The proliferation of contrived extremes.

This post could stir up an uncomfortably forced, man-made shit-storm with most individuals who read this.

In 2009, The Warrior Dash emerged as a very young, fresh-faced type of race, the first of its kind to become popular. More “extreme” than a normal 5k, it was supposed to offer more smiles with military-type obstacles to clear during a short run. I was forwarded the information for this romp from a friend, and it looked like an alright way to spend an afternoon. It didn’t look too hard, and it was cheap: I think it was $30 at the time, which included a couple free beers, a t-shirt, and a ridiculous hat.

Everything an active, electro/alt yuppie could want out of a weekend. I almost signed up.

Almost.

Fast forward to 2013, and these races are out of control. Under various names, they include “challenges” such as crawling under barb wire in mud, jumping over small fires, clearing plywood walls with ropes, and signing a multiple-page waiver without reading it.

I’ve tried to ignore the results of said races: posed photos for facebook depicting people that have covered themselves in mud and/or face paint and/or costumes. Spewing over-edited pixels onto the web along with millions of others at other western-world locales.

These races, along with the ever-looming popularity of marathons and triathlons, highlight the status-quo in modern sports competition: credit, accolades, and attention just for finishing an event that took no real skill or conditioning. Good bait for an unsolicited prop-up from your friends for performing evermore pedestrian tasks.

And that seems to be the reason most people choose to participate: to look like an alternative, extreme individual on the internet. All it takes is $100, maybe an hour of your time, and some of your dignity. But hey, you get a finishers medal, some sweet (read: annoying) stories, and some ruined running gear so you can look rad for your friends.

Participants don’t seem to give a shit where they placed…they finished! This attitude is the result of our All-American get-a-trophy-for-last upbringings, and the first wave of those kids are now finishers crossing the line into adulthood.

I’ve held a distaste for that treatment since I was young. During one of my young summers, my baseball team came 2nd in my hometown’s summer tournament. I was frustrated, dejected, and disappointed. The medal ceremony came, and I watched the first place team receive their trophies.
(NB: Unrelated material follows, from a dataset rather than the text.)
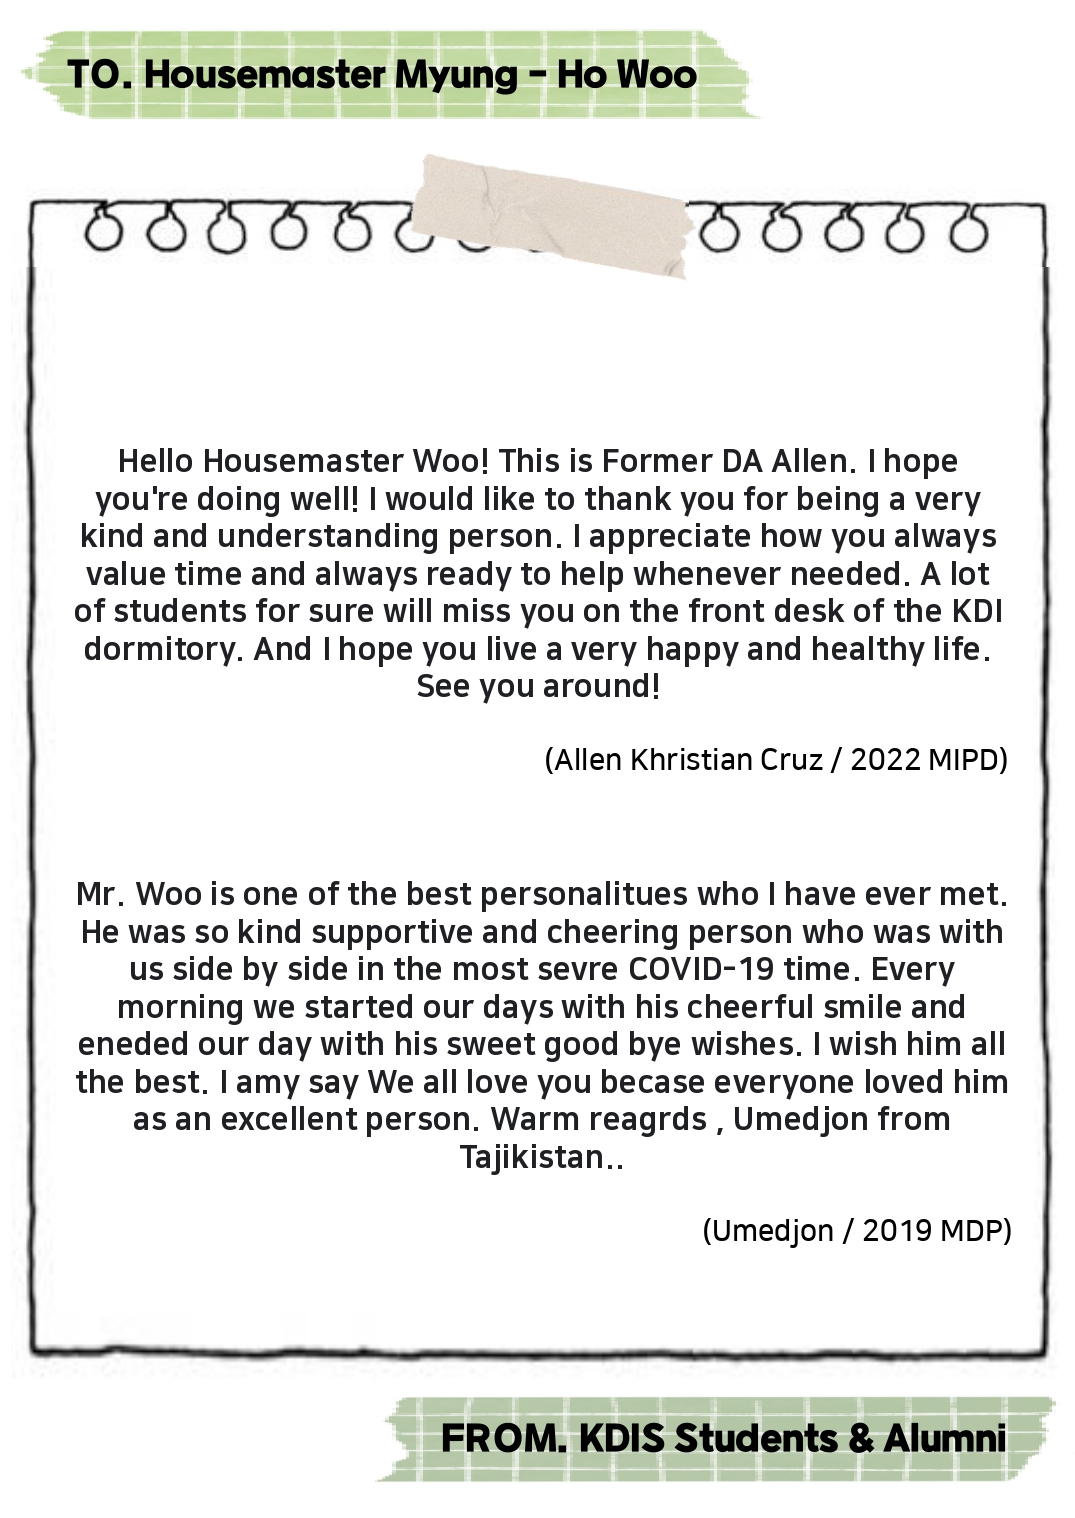 Thank you Housemaster Myung-ho Woo -Messages from KDIS Students and Alumni 사진33

Then…my team was handed medals. I didn’t truly understand why, but I knew I didn’t want or deserve it…because I felt we didn’t earn it. The value of winning and losing and what you can be learned from experiencing both was absorbed early, and fostered by my family. The desire to compete fairly and win is a character trait that I cherish. Apparently, few others seem to possess this strong drive, but still want attention and praise for taking part.

I participated a couple months ago in the cornerstone race for my teams’ off-season, a 62-mile dirt road slog in western Michigan called Barry-Roubaix. I trained hard, but even the most perfectly executed training schedule can be thwarted on race-day. As it turned out, I worried too much, and did not prepare my stomach properly. A choke-fest ensued. I trapped food in my stomach from early over exertion (called cross gut), puked, then was left with languishing legs. 3.5 hours of crappy (to me) riding in 35 degree temps hammering up and down icy hills. That’s real physical and mental suffering. Not a cardiovascularly inconsistent hour of contrived and perceived “extreme” obstacles. Just a rough, wintery, public road, with a racer on a bicycle. I won’t bother detail the skill it takes to keep a bike rubber side down while riding on ice. Only after I had suffered 52 miles of constant attrition did my legs resurface, and I ripped them to pieces to make up for my early-race performance. I blazed past people uphill and down, picking up and dropping dozens of riders.
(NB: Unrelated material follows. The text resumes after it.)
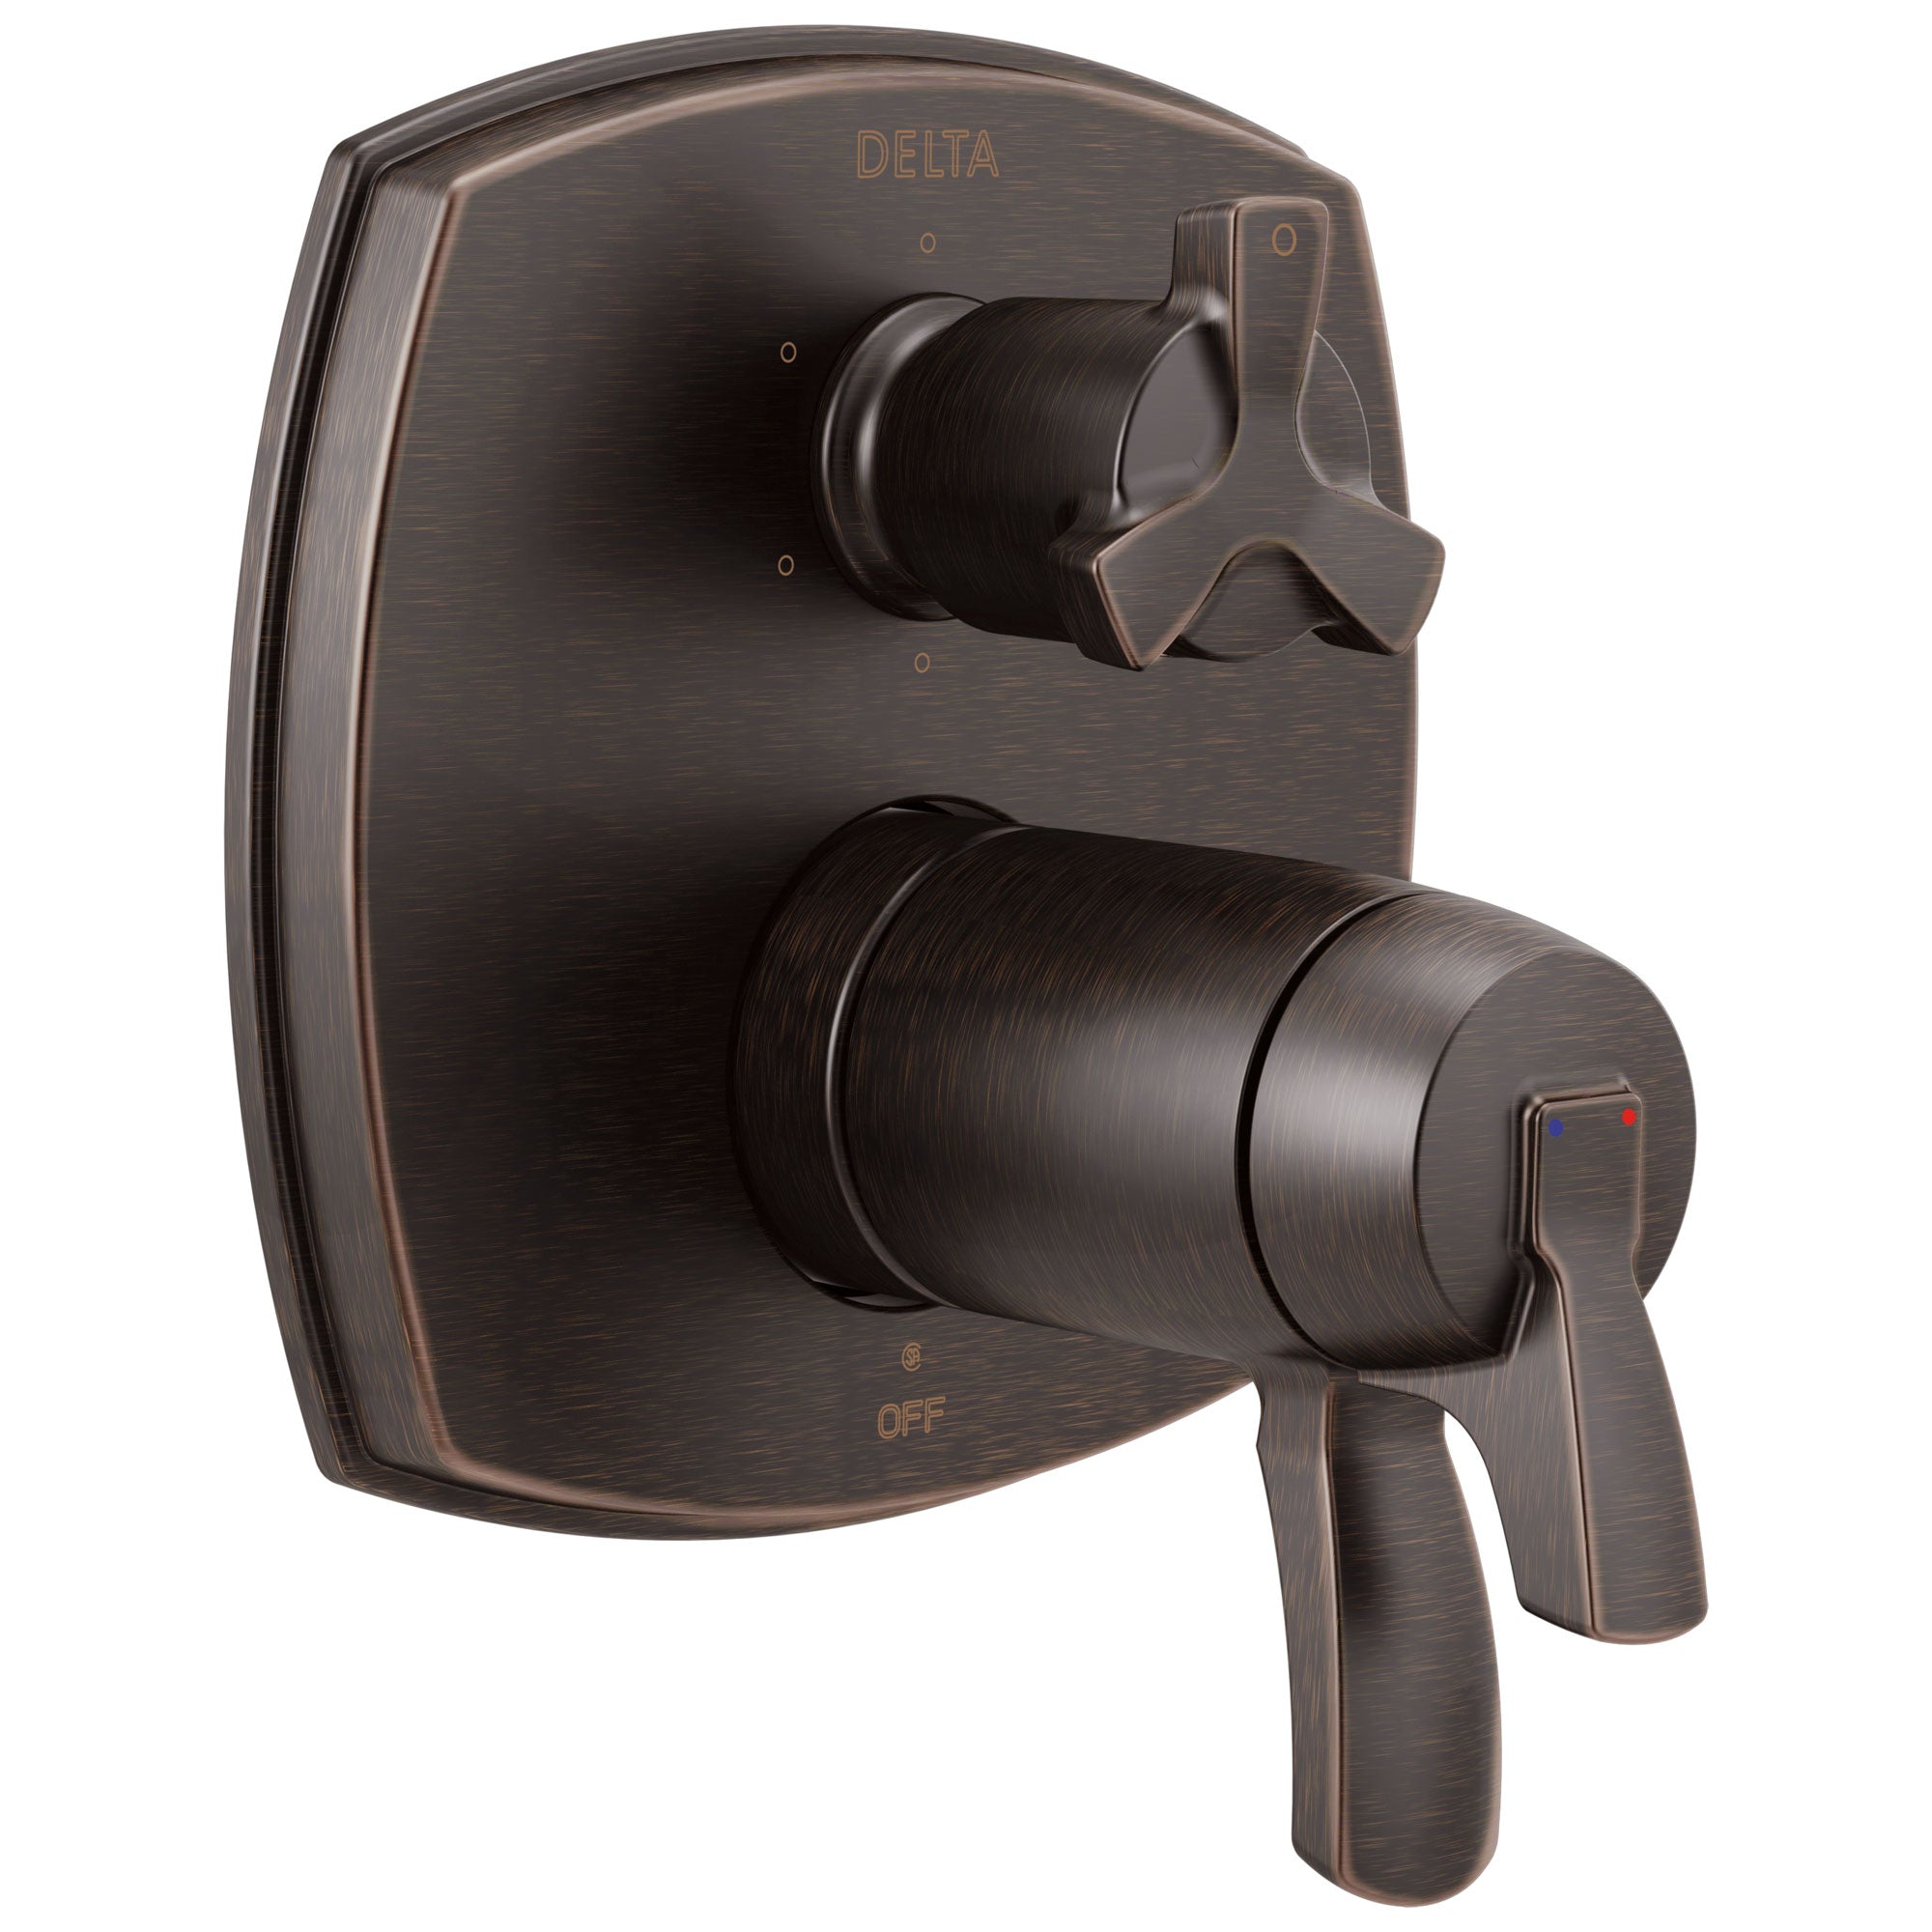 Delta Stryke Venetian Bronze Finish Thermostatic Shower System Control with 6 Setting Integrated Cross Handle Diverter Includes Valve & Handles D3076V

I finished 62 miles in 3 hours 38 minutes, averaging 17 miles-per-hour.

I rode those miles and passed maybe 10 spectators (which were looking for other riders) and finished with no pomp or ridiculous outcry. All I offered was a mumbled “fuck”.
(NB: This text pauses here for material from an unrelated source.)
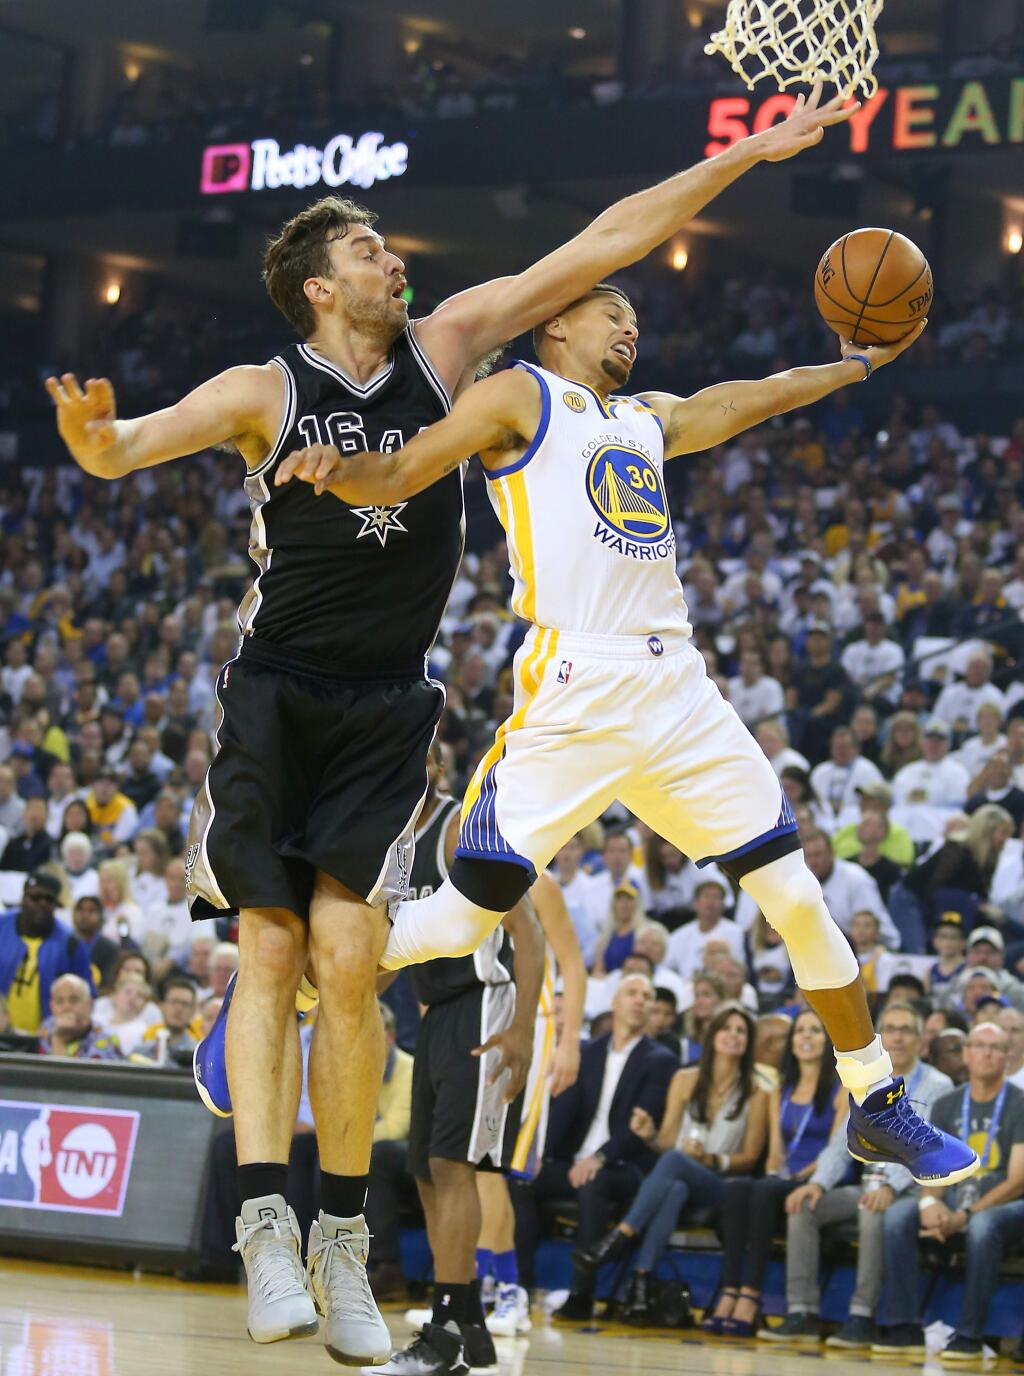 Golden State Warriors guard Stephen Curry is fouled by San Antonio Spurs forward Pau Gasol as he goes to the basket, during their game in Oakland on Tuesday, October 25, 2016. (Christopher Chung/ The Press Democrat)

Even after my late resurgence, my performance was still horrible in my eyes, and I was furious. I didn’t stick around and yuck it up like a tool, or act like I completed an impossible task…the pro’s were done 45 minutes before me. I changed out of my kit, shoved some food down my gullet to prevent fainting, and left in an angry cloud.

I had finished ahead of a few hundred people in my class, did my first 36 miles out of a total 62 faster than many hundreds who rode only 36, and finished 62 miles before some finished 24. I had finished a remote, unsung race organized by one man and his fellow racers and friends.

In contrast, marathoners, triathletes, and now “Obstacle Racers” will laugh like jackasses while drinking Michelob Ultra after being beaten by hundreds or, more commonly, thousands, after a completing a course to be replicated all over the US, Canada and the U.K. by a sports event company out to make easy coin.

While I will admit these events are not without their own great athletes (usually serious cross-fitters), and that it is much more respectable to be crawling through pig guts than laying dormant in front of a TV or computer, the attitude surrounding these races disturb me slightly. It’s all about just completing the event, not competing…and making sure everybody knows you did so.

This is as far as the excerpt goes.